4. Gangguan psikologis

Gangguan psikologis dari anak dengan obesitas merupakan hasil dari stigma dan diskriminasi sosial, diantaranya:

  • Minder – merupakan kecenderungan merasa rendah diri bahkan kehilangan rasa percaya diri akibat body image yang dimiliki.
  • Masalah perilaku dan gangguan belajar – anak yang overweight cenderung memiliki kemampuan berinteraksi dan memiliki kecemasan dan cenderung menarik diri di lingkungan sosial, misalnya lingkungan sekolah.

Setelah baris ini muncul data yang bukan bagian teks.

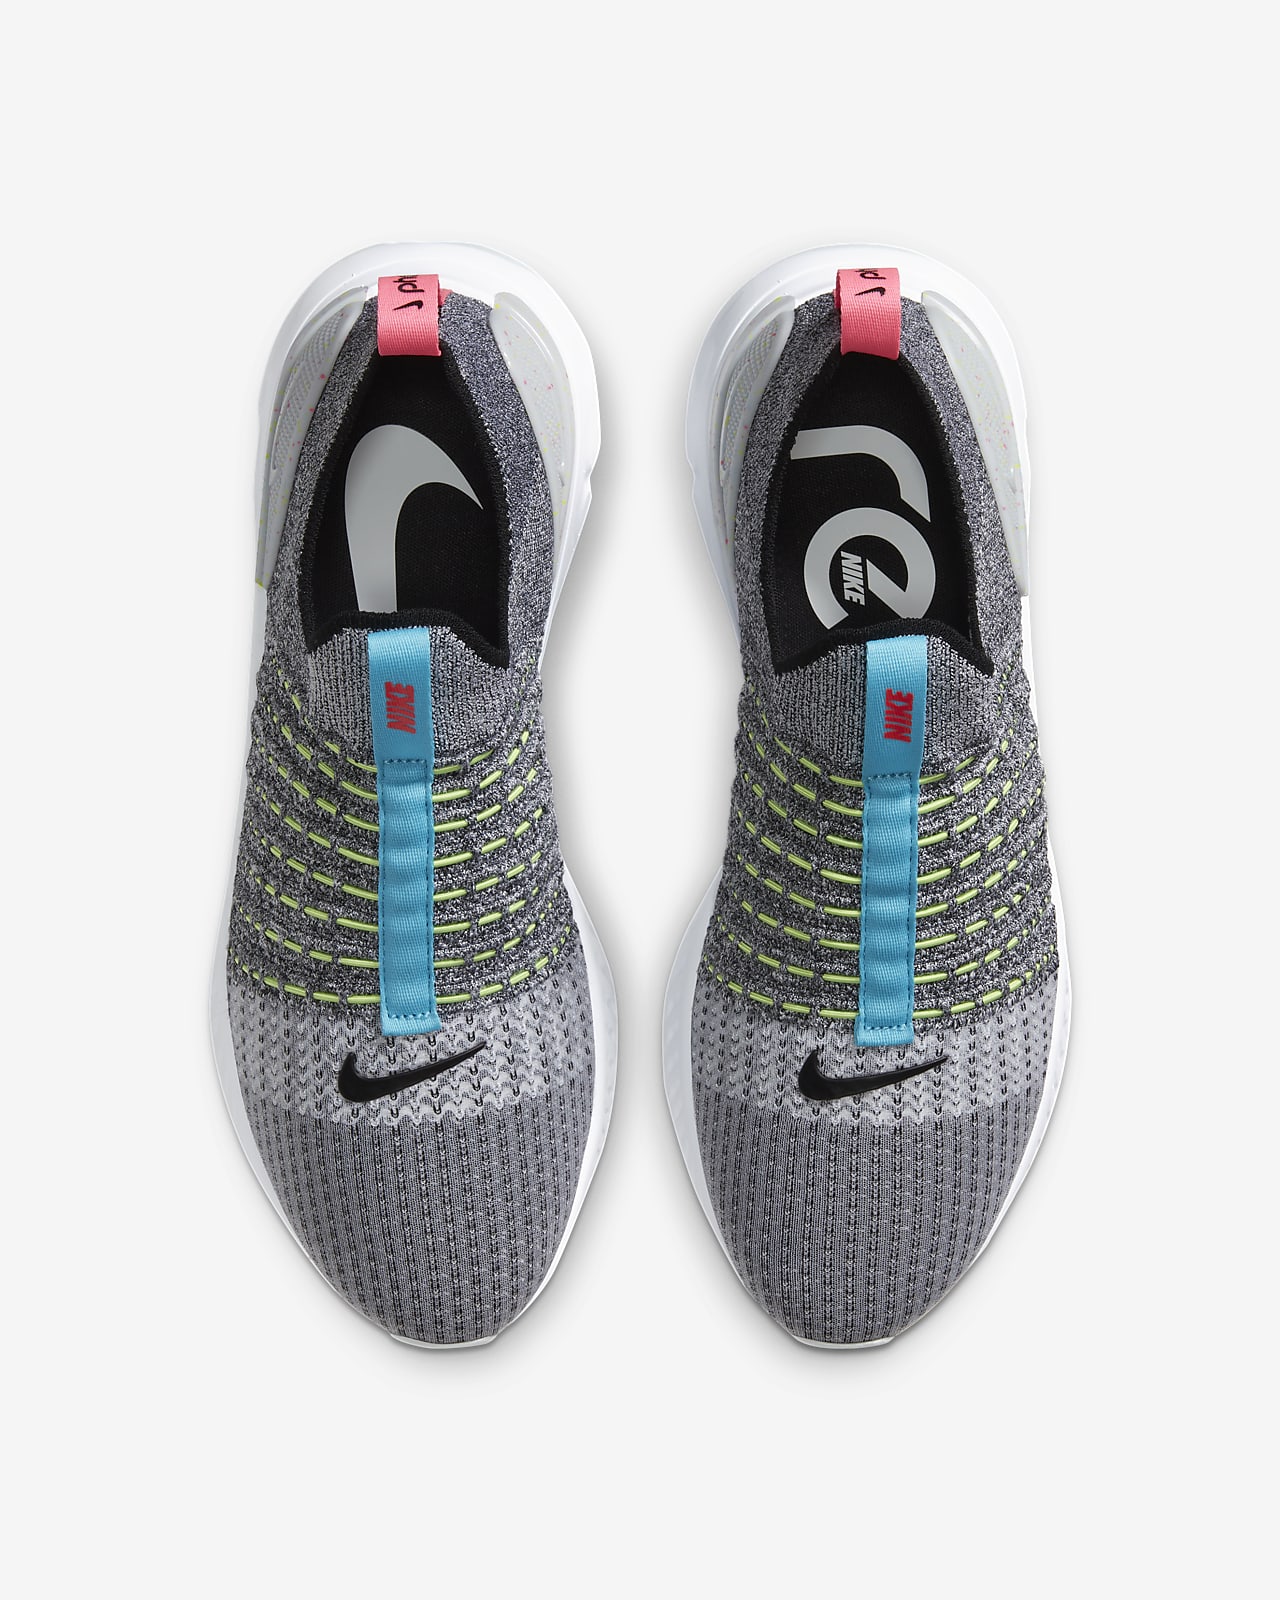 new nike react running shoes
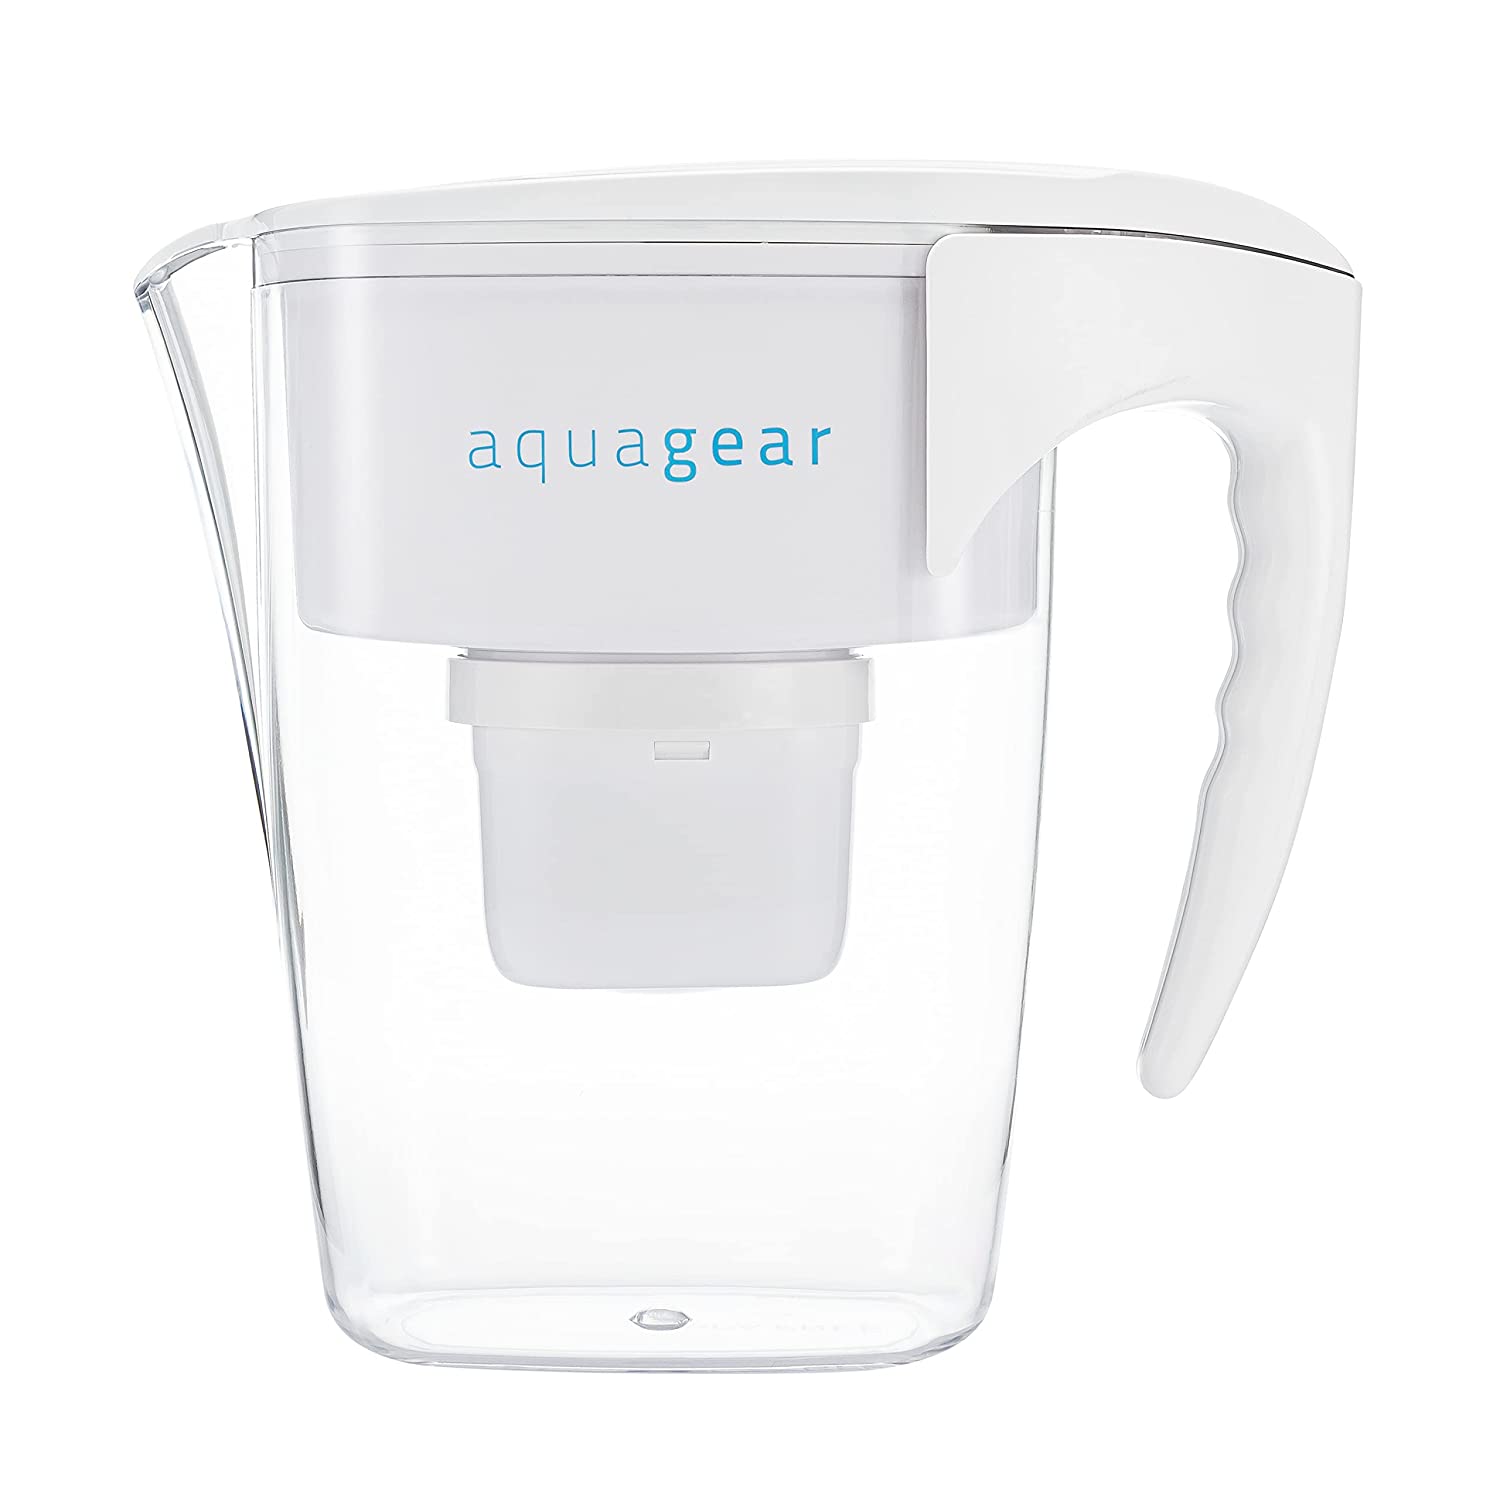 150 Aquagear Pitcher Replacement Water Filter Removes Fluoride  Lead

Hal ini dapat berdampak kepada kemampuan akademik di sekolah.
  • Depresi – disebabkan oleh akumulasi dari masalah psikologis yang dipicu oleh interaksi sosial. Tidak hanya menarik diri, anak yang mengalami depresi akan kehilangan semangat dalam beraktivitas. Masalah depresi pada anak sama beratnya dengan depresi pada orang dewasa.

Dampak dari lemak tubuh berlebih pada anak tidak hanya berpengaruh terhadap kesehatan dan pertumbuhan tetapi juga membatasi anak untuk berinteraksi serta pertumbuhan mental anak yang kurang optimal.